- Interactive map of Samesi
- Coordinates: 26°36′52″N 81°06′06″E﻿ / ﻿26.614543°N 81.101681°E
- Country: India
- District: Lucknow district
- State: Uttar Pradesh

Area
- • Total: 2,143.14 ha (5,295.8 acres)

Population (2011)
- • Total: 11,646
- • Density: 543.41/km^{2} (1,407.4/sq mi)
- Demonym(s): Samesiha, Samesia, Samesiite
- Time zone: UTC+5:30 hours (IST)
- pincode: 226303

= Samesi =

Samesi is a village in Lucknow district, India with a population of 11,646 in 2011. Samesi is known for its large vegetable market. Samesi is the only bazaar that remains open 365 days a year.
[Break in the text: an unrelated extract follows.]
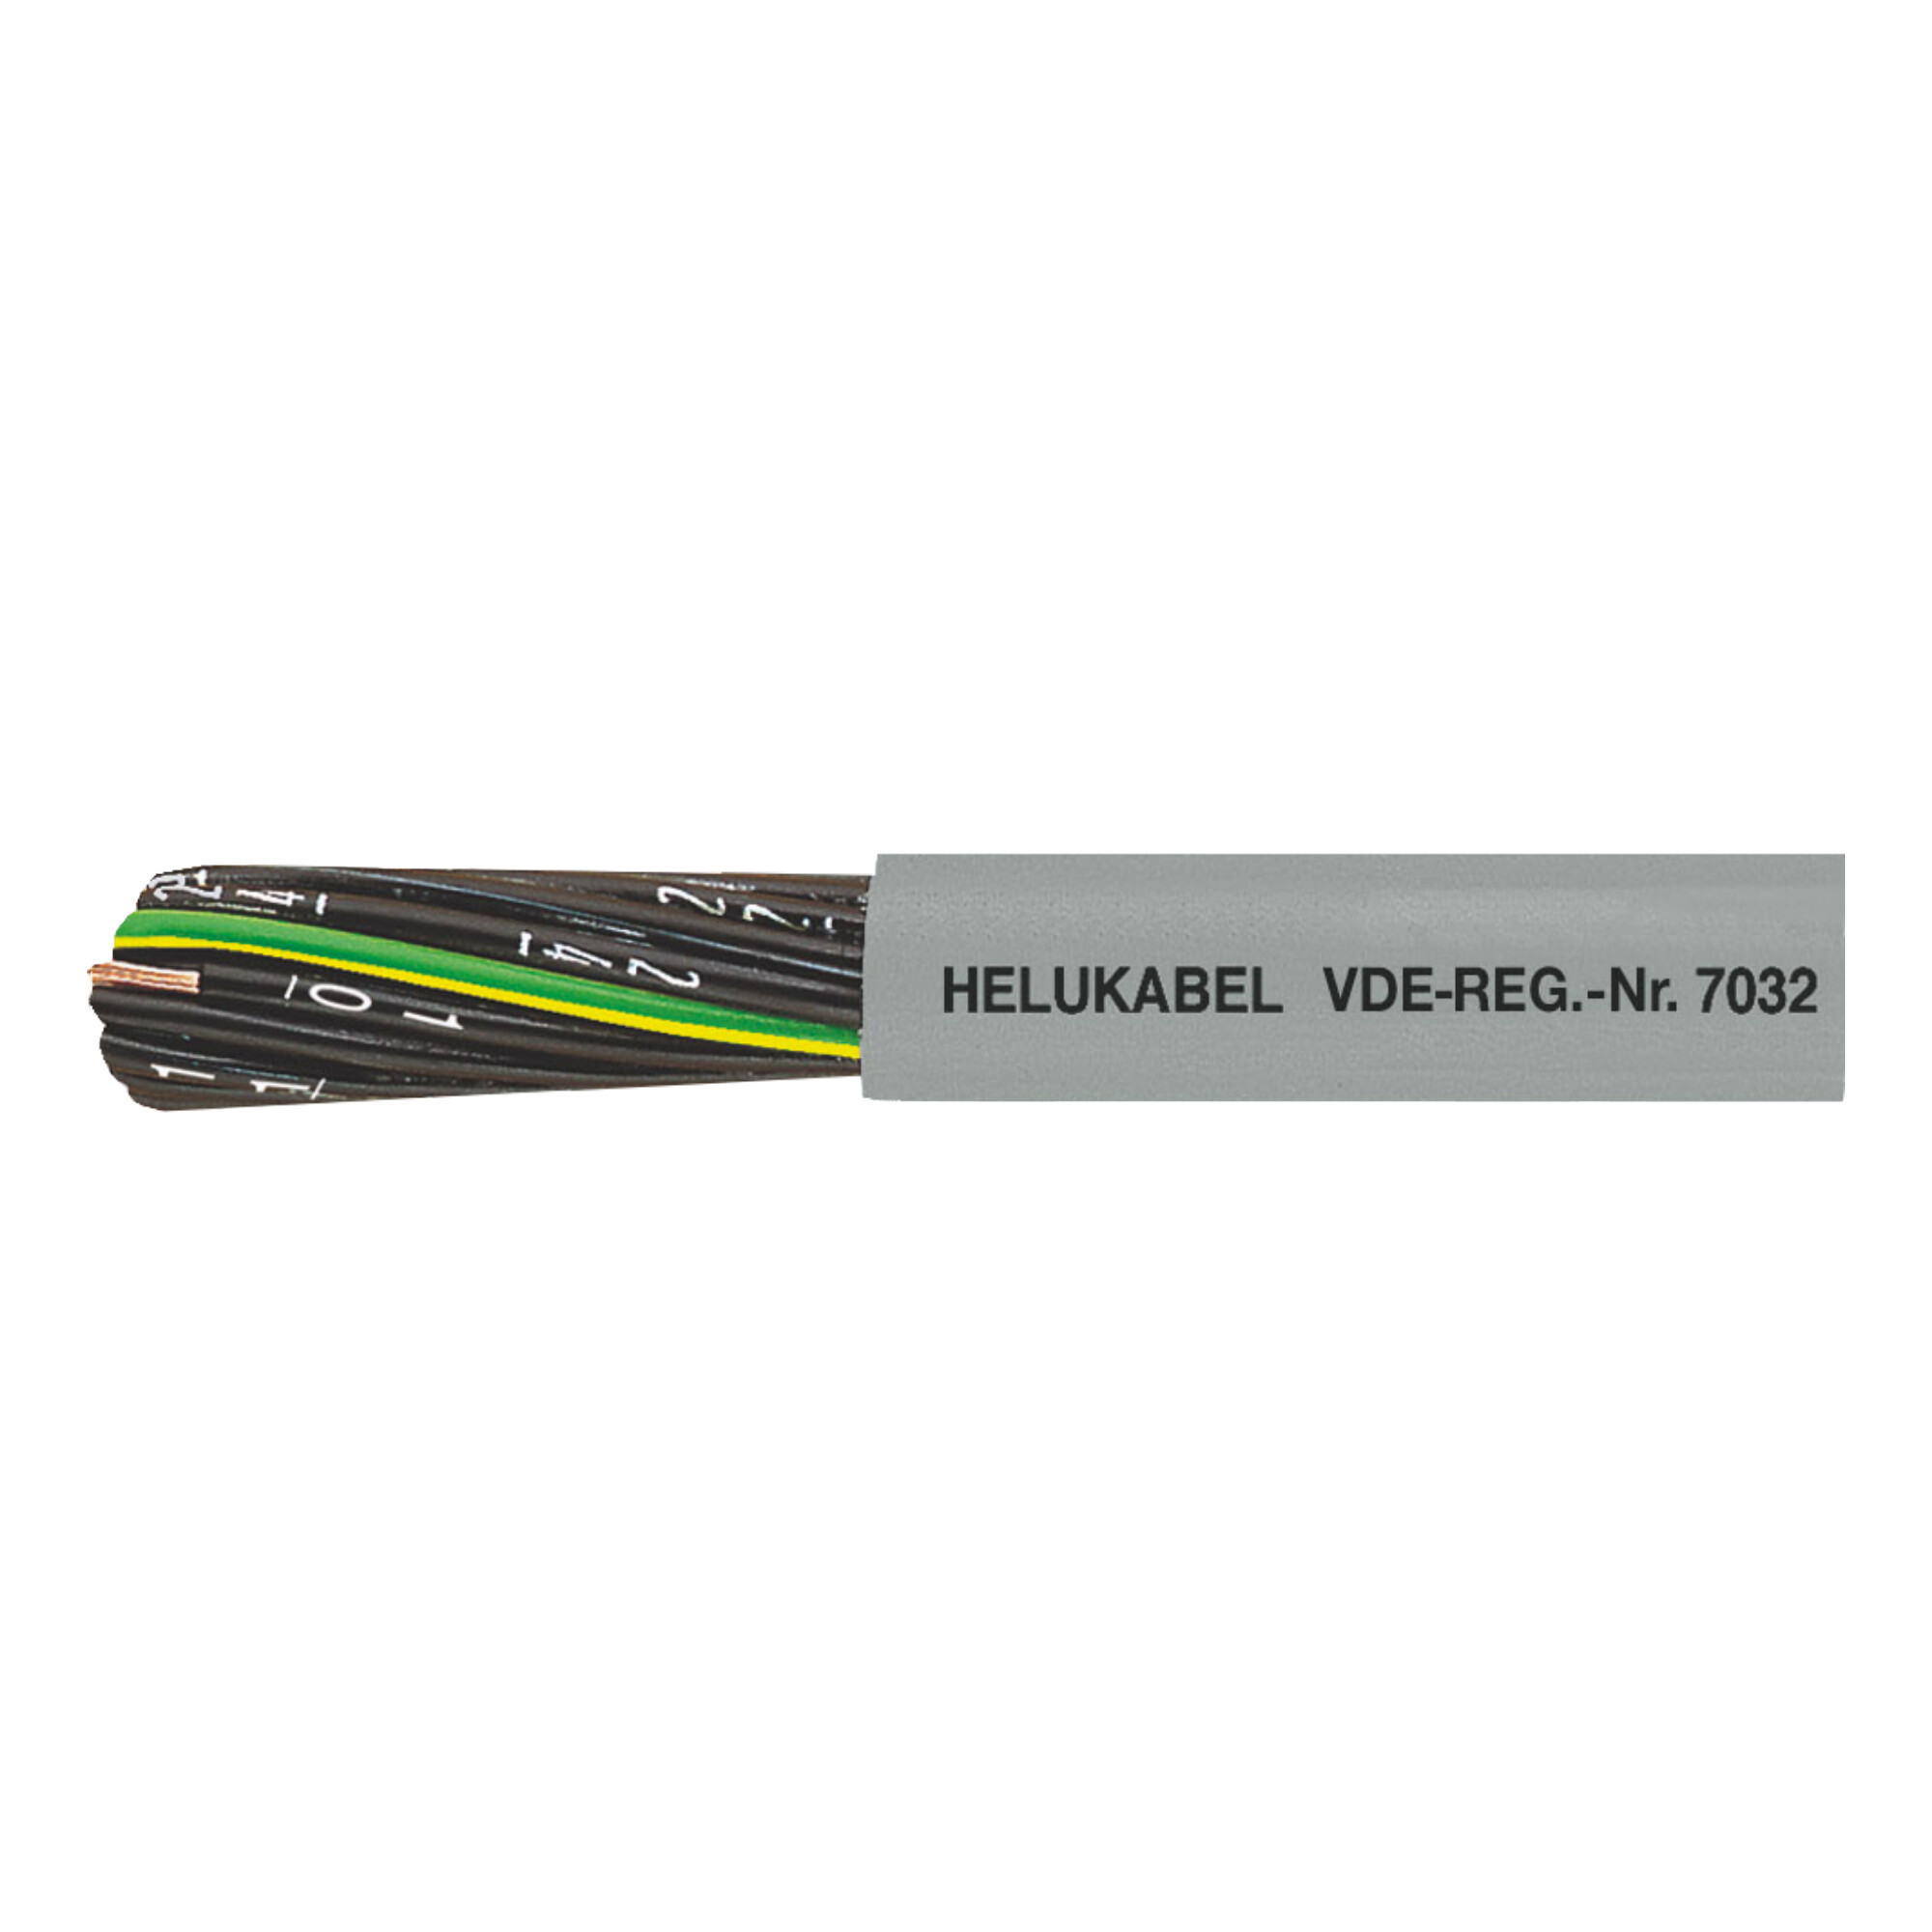 30-10070H0500 JZ-500 PVC buitenmantel en genummerde aders, incl. groen-geel.
Zonder groen/gele ader = serie OZ-500

Samesi comes under the Mohanlalganj Block and is the largest gram panchayat in the Mohanlalganj subdivision of Lucknow. It contains 28 majras.

There are two government clinics in Samesi; one is a homeopathic clinic and the other is Ayurvedic. There are three government-run schools along with four private schools, an inter-college and an English-medium playschool. Along with a big on-road market, there are several grocery shops and general stores across the village.

There are many mohallas/muhallas (districts or neighborhoods) in the village, namely Thakur Dwara, Bazaar Tola, Kanchan Khera, Mela, Mahua Bagh, Pajawa, Koriyayi, Diha, Singhaniya, Mahamayin, and Chamrahiya.